Five years and many incidents later, the parents decide to homeschool the child for his own safety. Now he's 13 years old. It has been 18 months since he was removed from that school. He still remembers, with an edge of panic, that day with the pebbles.

Scenario:
Mr HalfSoledBoots and I are walking downtown in Victoria. We are on a crosswalk when an SUV nearly hits us. It passes so close that Mr HSB reaches out and slaps his hand, hard, on the back window. The SUV screeches to a halt. Five young men pour out of it. One of them, huge and staring, shoves my husband into a parking meter while roaring a stream of profanity. He rears back, fists clenched, and spits into my husband's face. His friends pull him away and they take off.

A cyclist walks up to us, leading his bike. "I saw the whole thing," he says. "Next time try not to get in their way."

No. He says "I've called the police. I'll be your witness."

The young man is charged with assault. We identify him in a photo lineup. He goes before a judge.

Scenario:
My friend, aged 25. Married to a bully. A year or so after the wedding, he starts to push her around. Nothing major at first. (The punching comes later.) She tells me about it. What is my response?
"Ignore him."
"I guess he must really like you."
"He's just trying to get a reaction."
"Don't give him the satisfaction."
"Stay out of his way."
"Try not to be alone with him."

No.

What makes school the exception? Why don't the rules apply there, too? We tell toddlers to respect others, not to snatch, not to yell, not to hit, not to make mean faces. Adults are expected to know that. But in a school? ignore them. Next year they'll move to middle school. Try to stay near the teacher. They're just trying to get a rise out of you. Don't go out of sight of the playground monitor. Stay together.

As a parent who has chosen alternative education, the burden of proof is on me. People want evidence, constantly, that homeschool is effective. I have to prove that my kids are just as good at math as their mainstream peers. I have to prove that they can speak articulately, print neatly, make eye contact, and are getting at least 20 minutes of exercise per day. I am expected to be proud and relieved (and the worst part is I am proud and relieved) when someone gives me a surprised compliment: "Oh my goodness! Your kids are so well-behaved!" Or once, at a party, after several minutes spent quizzing her (I was not present): "Your little girl already knows all her colours...good job."
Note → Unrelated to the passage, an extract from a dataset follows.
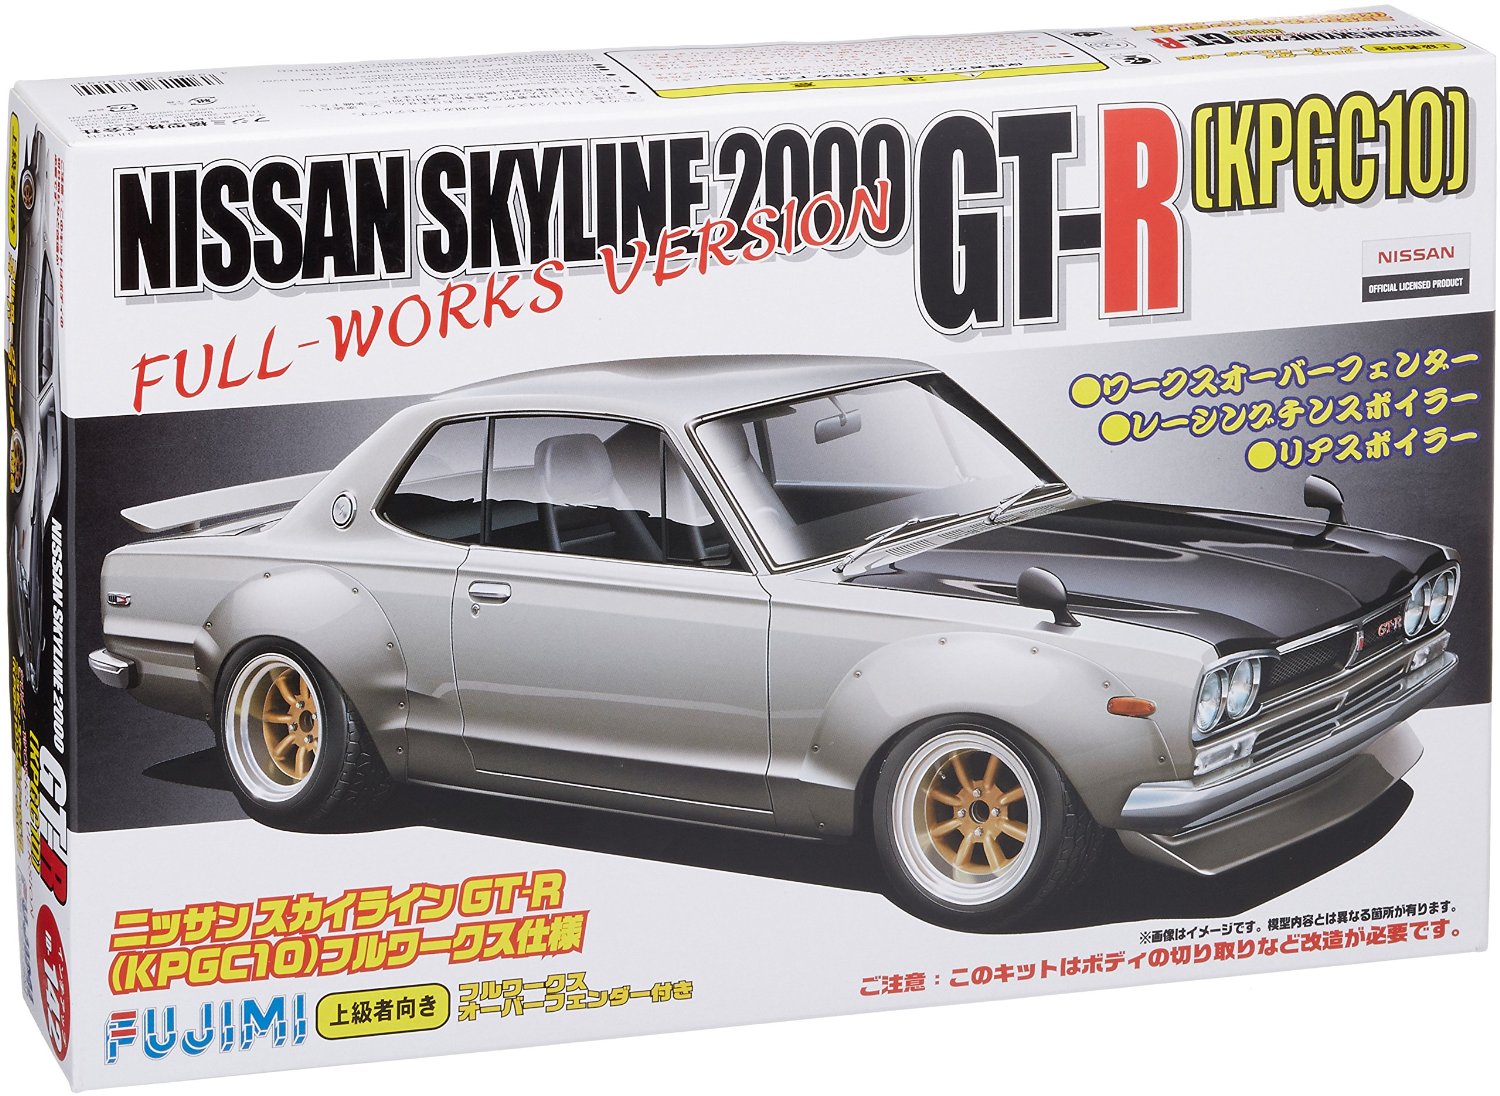 Nissan Skyline KPGC10 Hakoska Full-Works Ver

I want the burden of proof to be on the mainstream for a change. I want proof that children in their system are well socialised. I'd like schools to have to prove that their environment is loving, supportive, intolerant of violence and hatred. And that the people coming out of it are articulate, polite, egalitarian, responsible, thoughtful, erudite, and well-rounded.

I want the public system to prove, using real, valuable benchmarks, and real, concrete, personal examples, that it is worthy of being given your children for 30 hours a week.

I suspect I'll be waiting a while.

Sunday, December 06, 2009

Carborundum

I was at a party tonight. It was a craft thing. I was sitting next to a woman who, when she heard that I homeschool, had this to say.

Challengingly: "Oh, so you don't send them to real school."

Well, no.

"How old are they?"

Eight and five.

"Oh, five, so she's not in school then."

Yes, she's in Kindergarten, we homeschool.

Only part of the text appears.